> [Your task] Set the whole listing down again, word for word, with no pictures.
[[ Material provided, beginning ]]
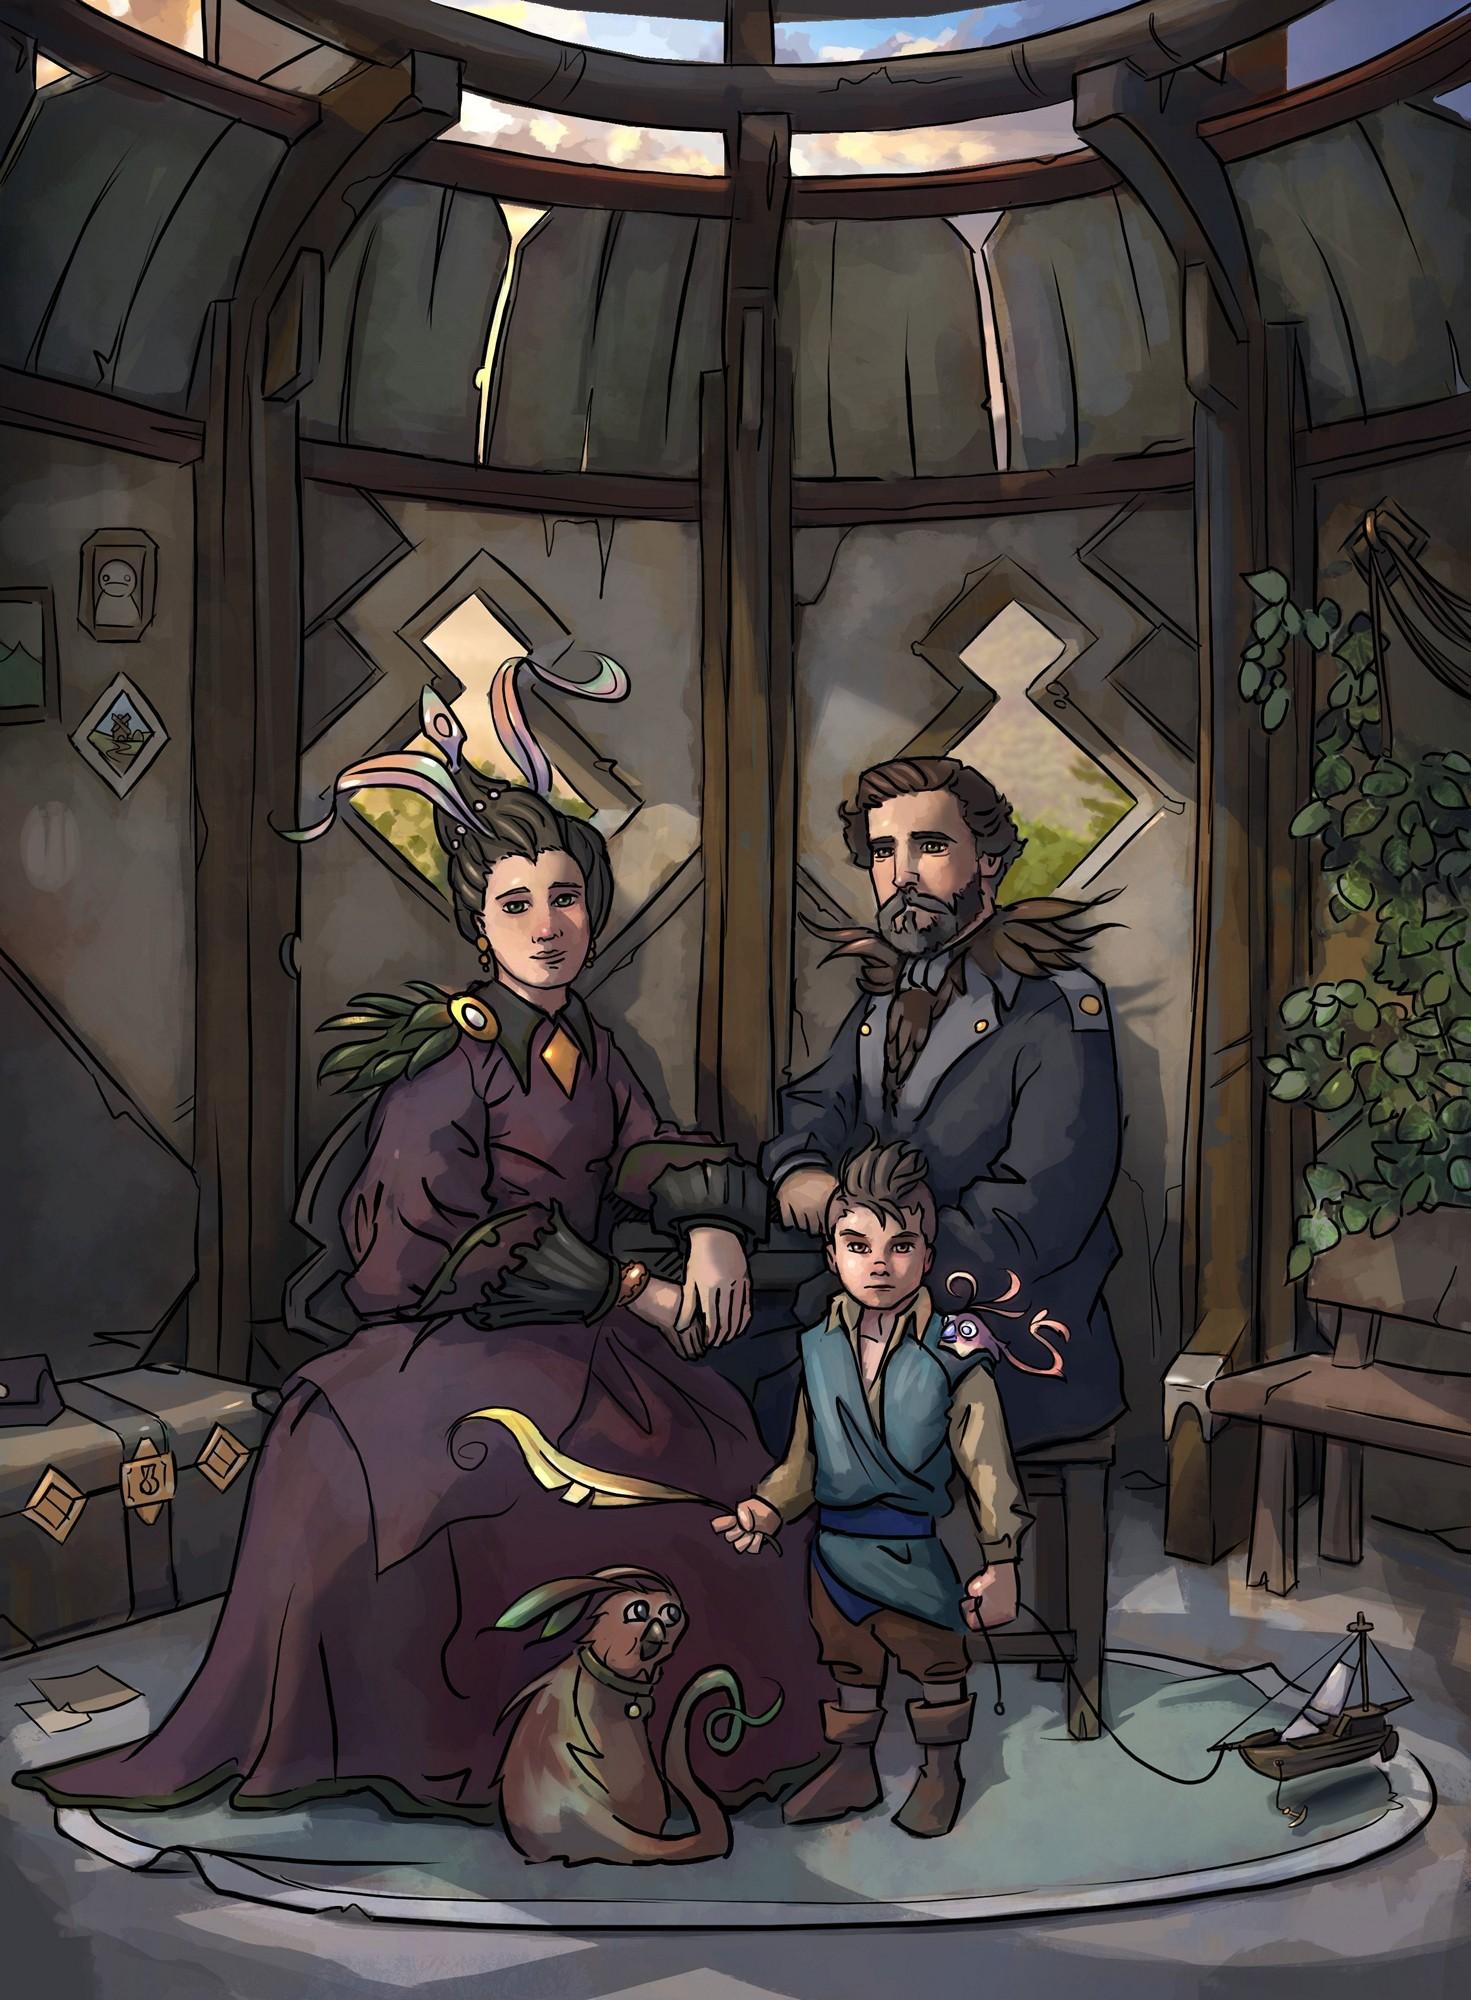 Finnick's family portrait
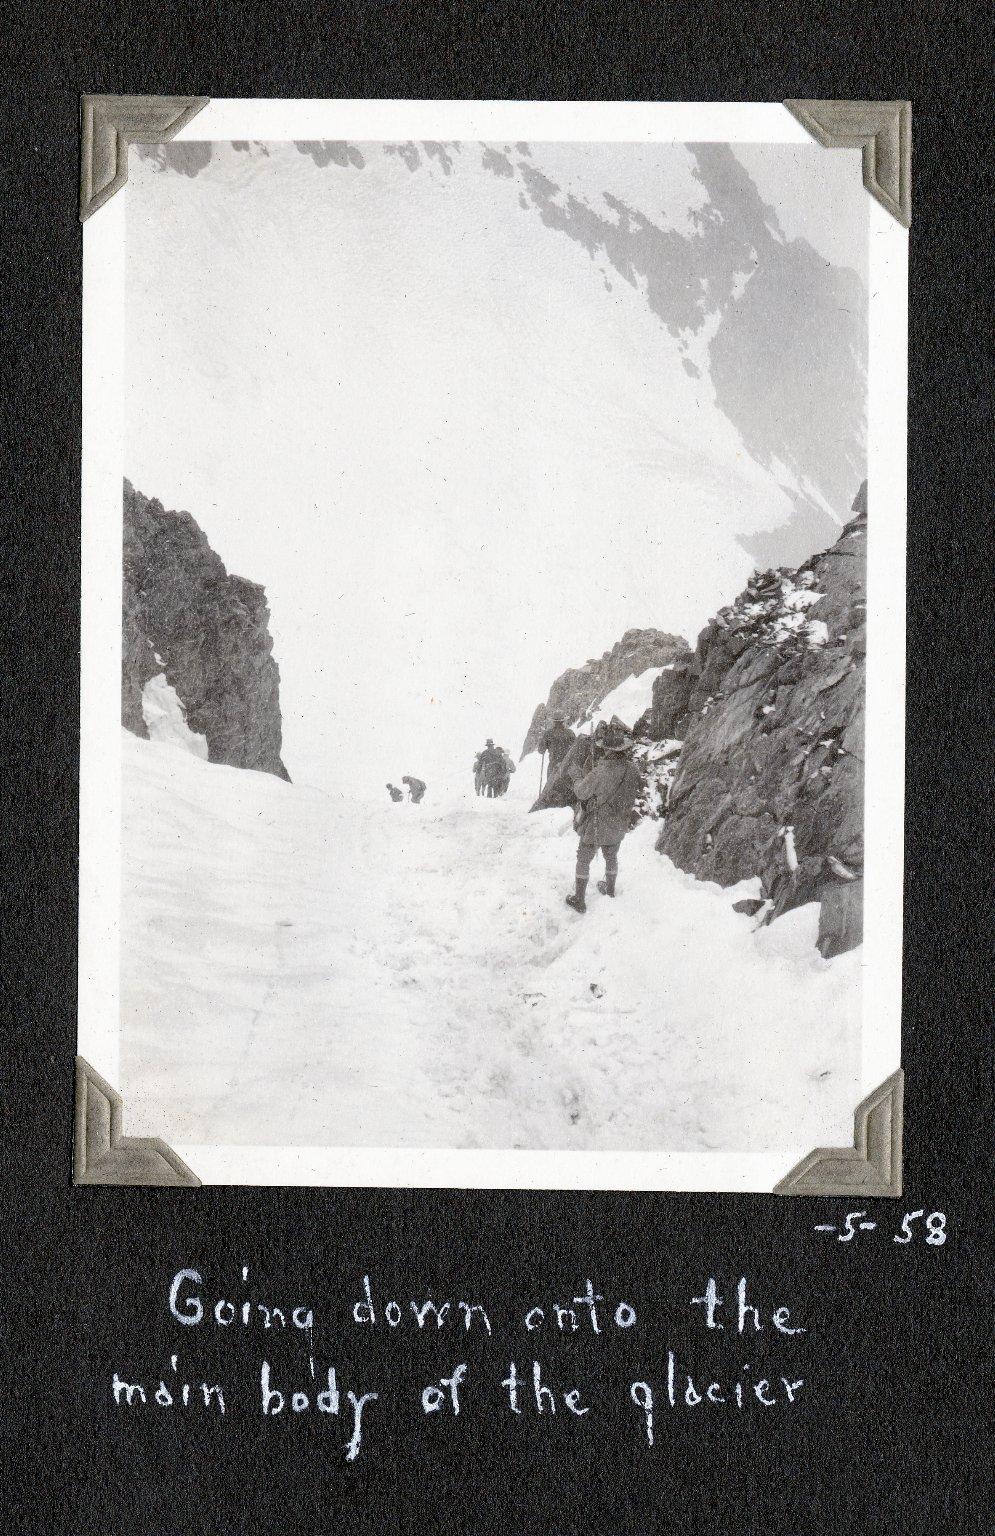 Going onto Killpacker Glacier
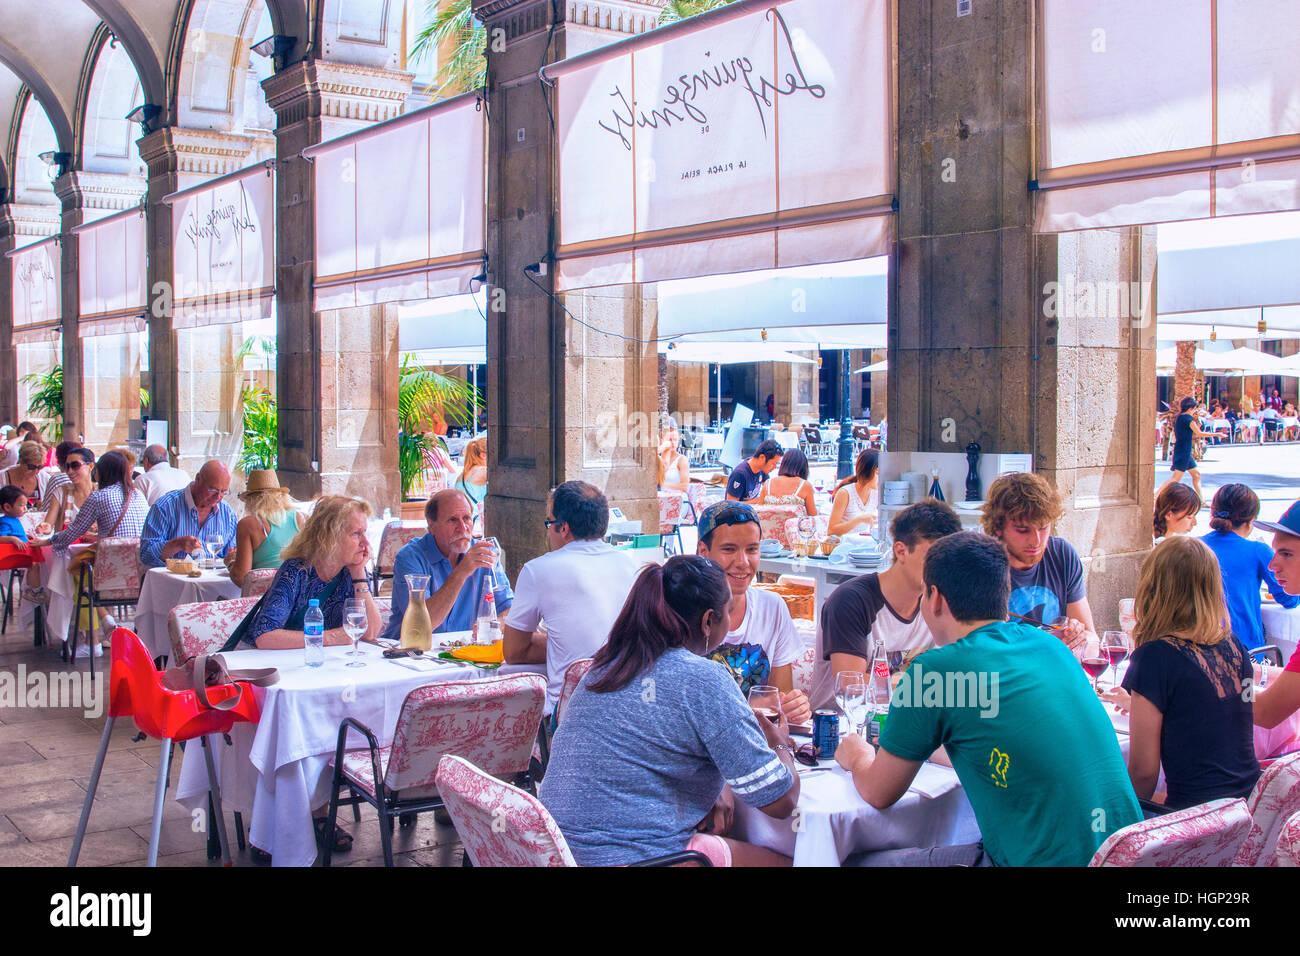 Plaza Real in Barcelona - Stock Image
[[ Material provided, end ]]
> [Output]
 Finnick's family portrait
 Going onto Killpacker Glacier
 Plaza Real in Barcelona - Stock Image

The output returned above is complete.